Supplied material.
▬▬▬▬▬▬▬▬▬▬
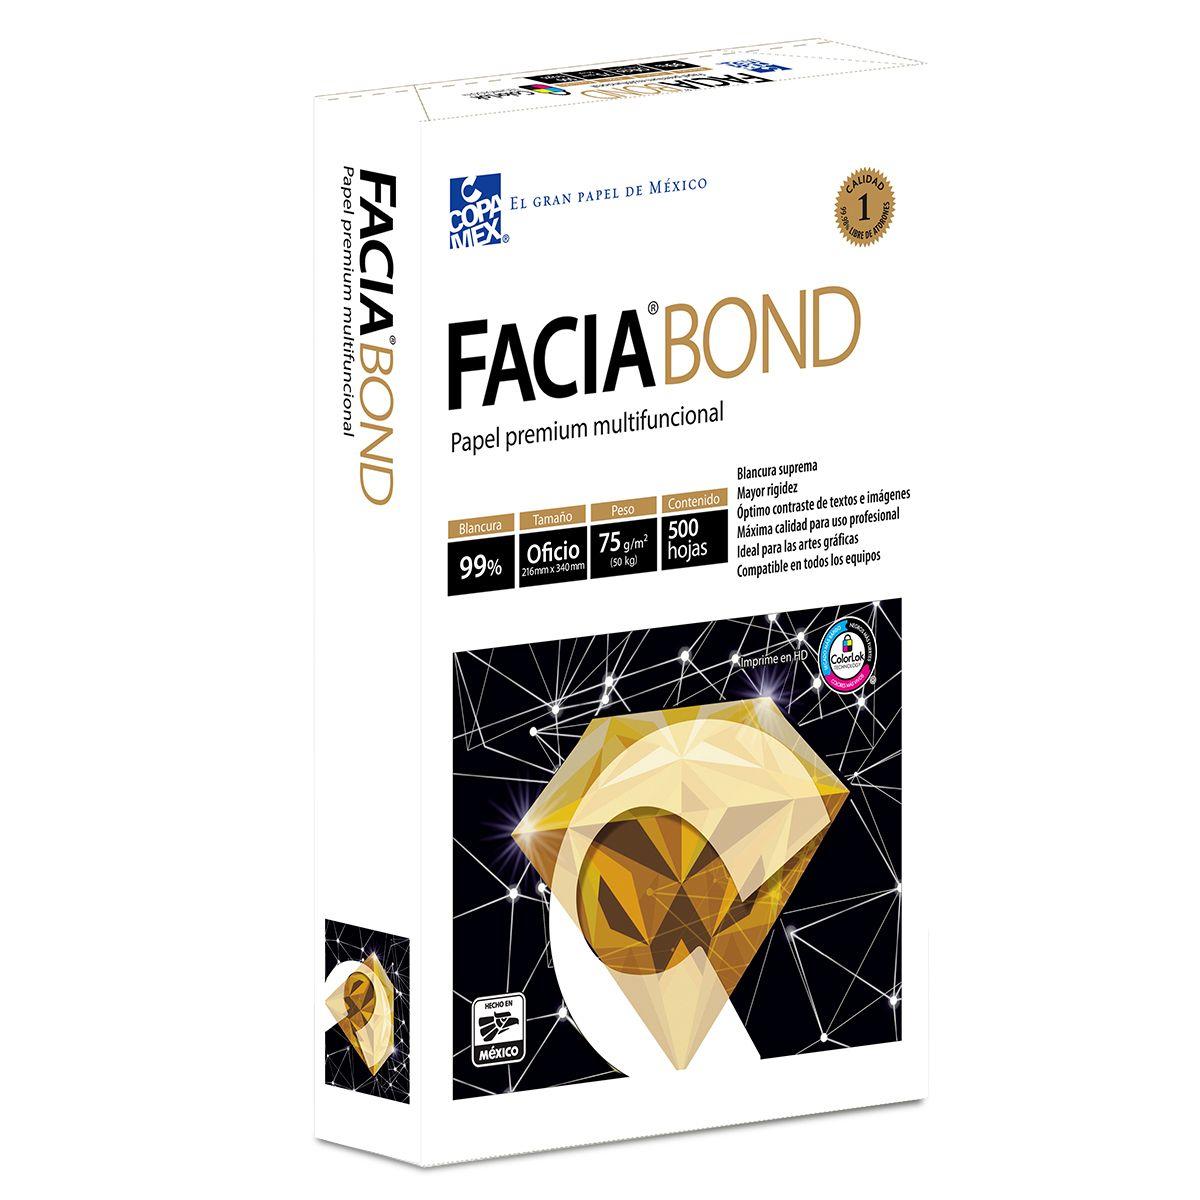 PAPEL FACIA BOND T/OFICIO PAQ.500 HOJAS
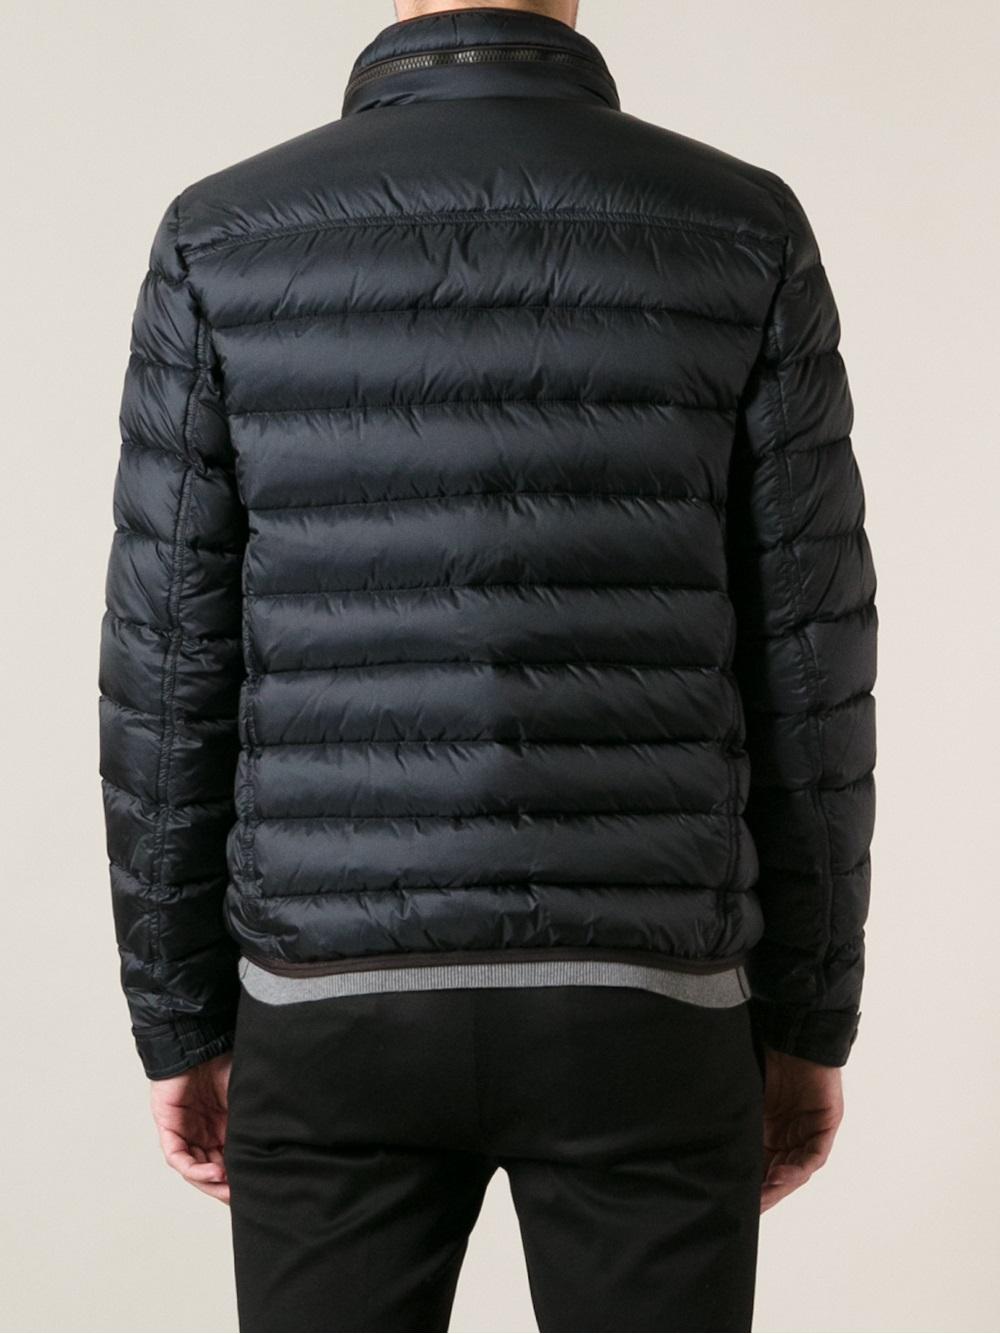 moncler norbert jacket moncler norbert jacket ...
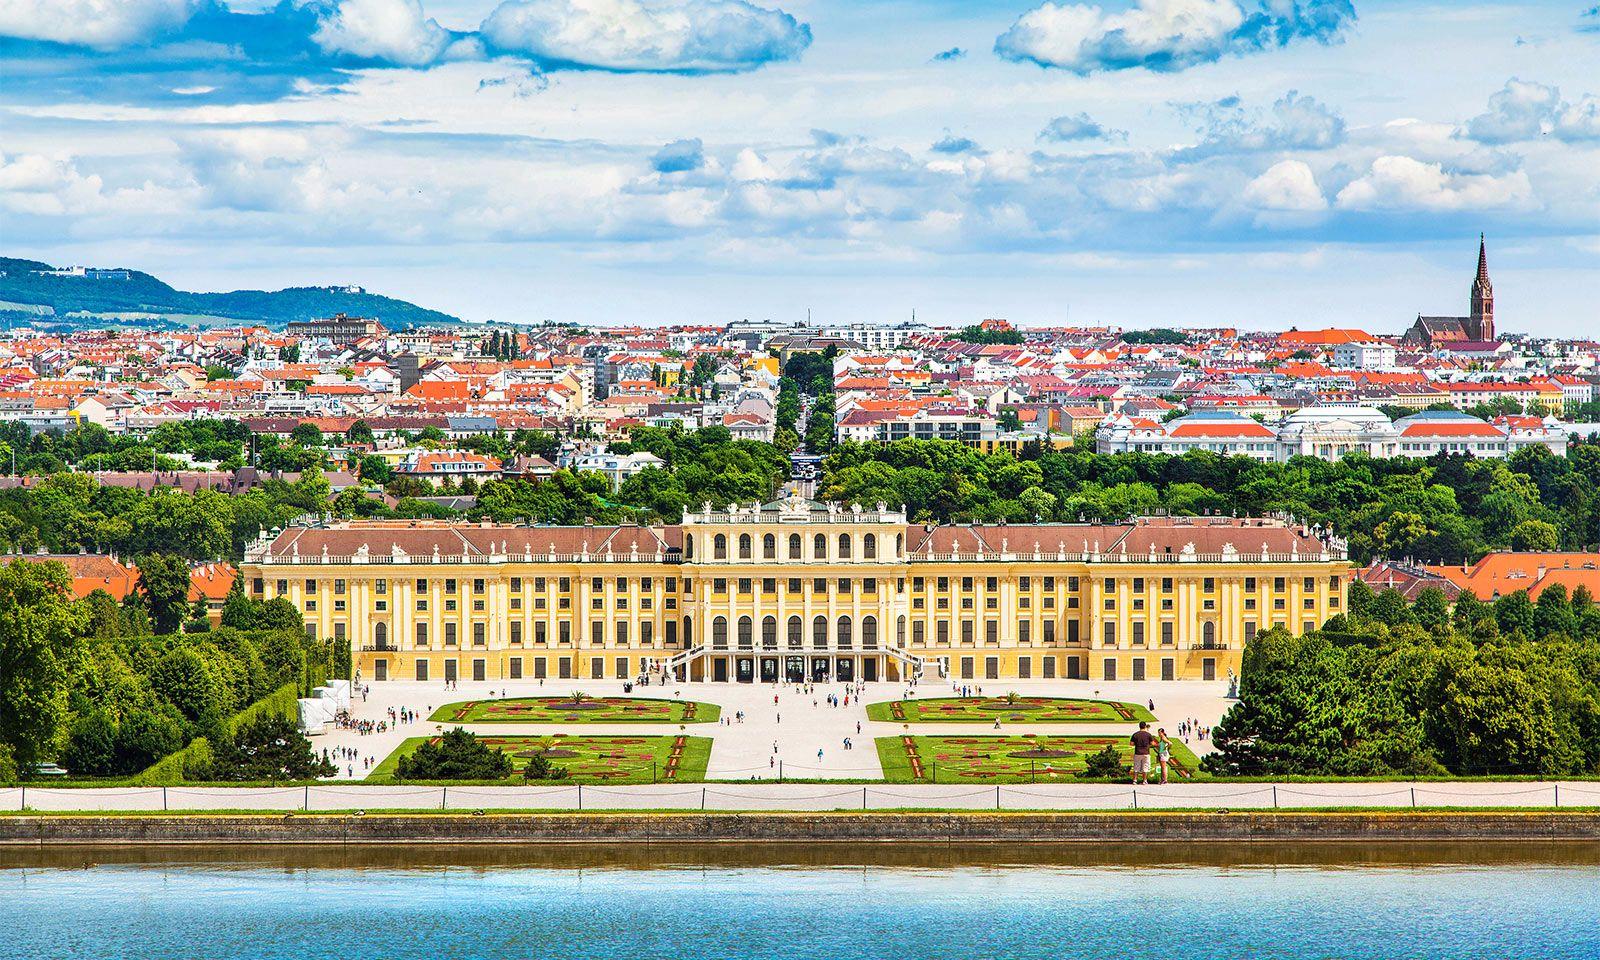 Vienna Palace
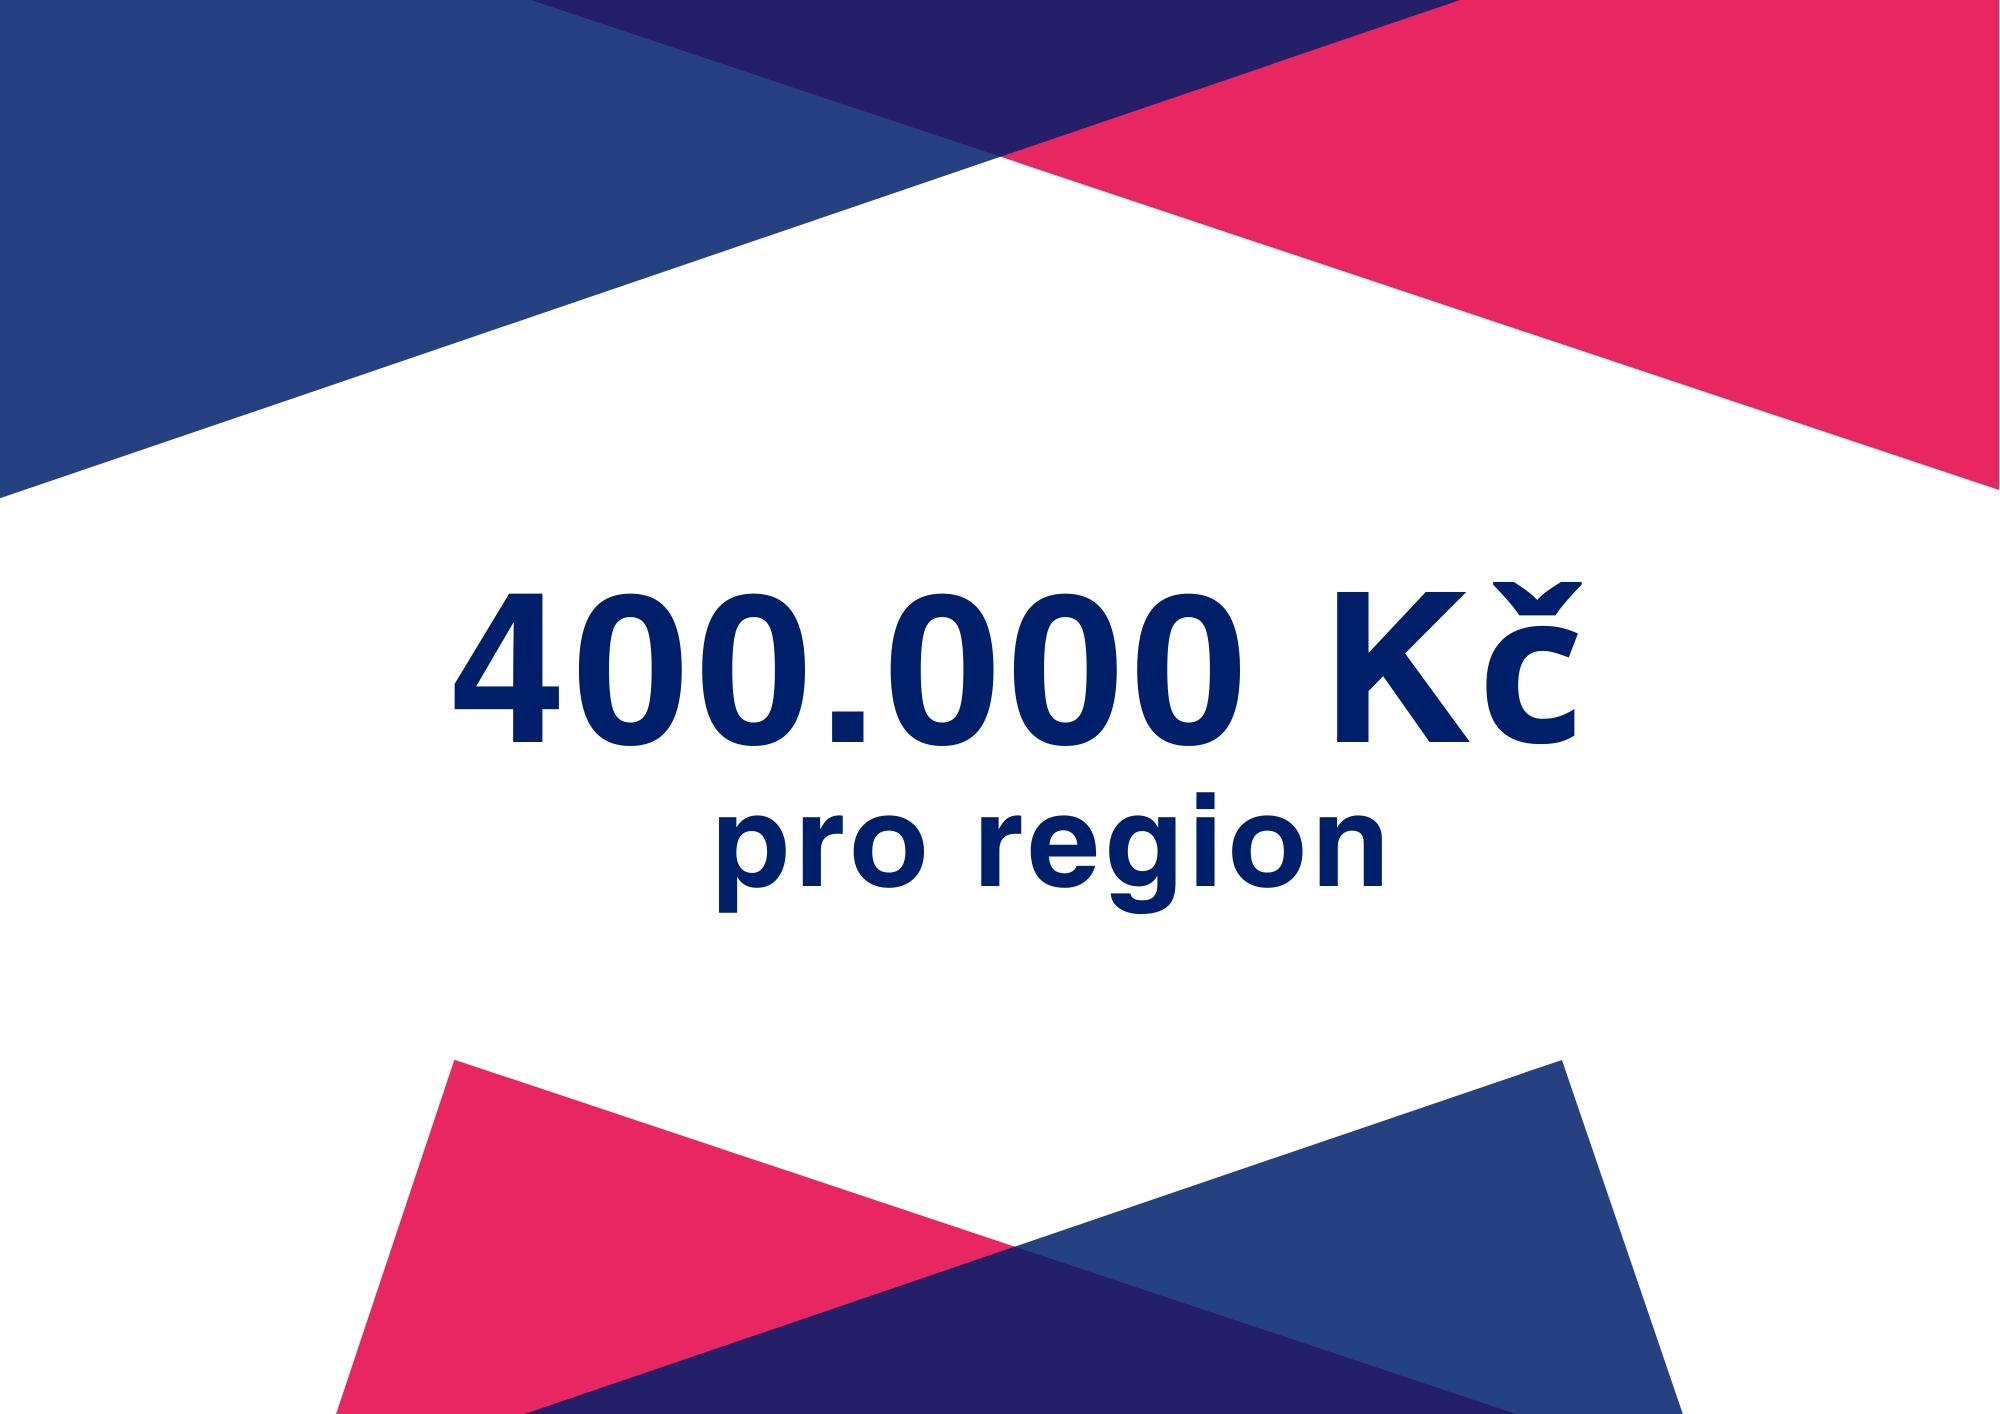 Fond AGC Automotive Czech letos podpoří region 400.000 korun
▬▬▬▬▬▬▬▬▬▬
Task instructions. Reproduce all the data as it stands. The pictures are not part of the copy.

Solution to the problem.
 PAPEL FACIA BOND T/OFICIO PAQ.500 HOJAS
 moncler norbert jacket moncler norbert jacket ...
 Vienna Palace
 Fond AGC Automotive Czech letos podpoří region 400.000 korun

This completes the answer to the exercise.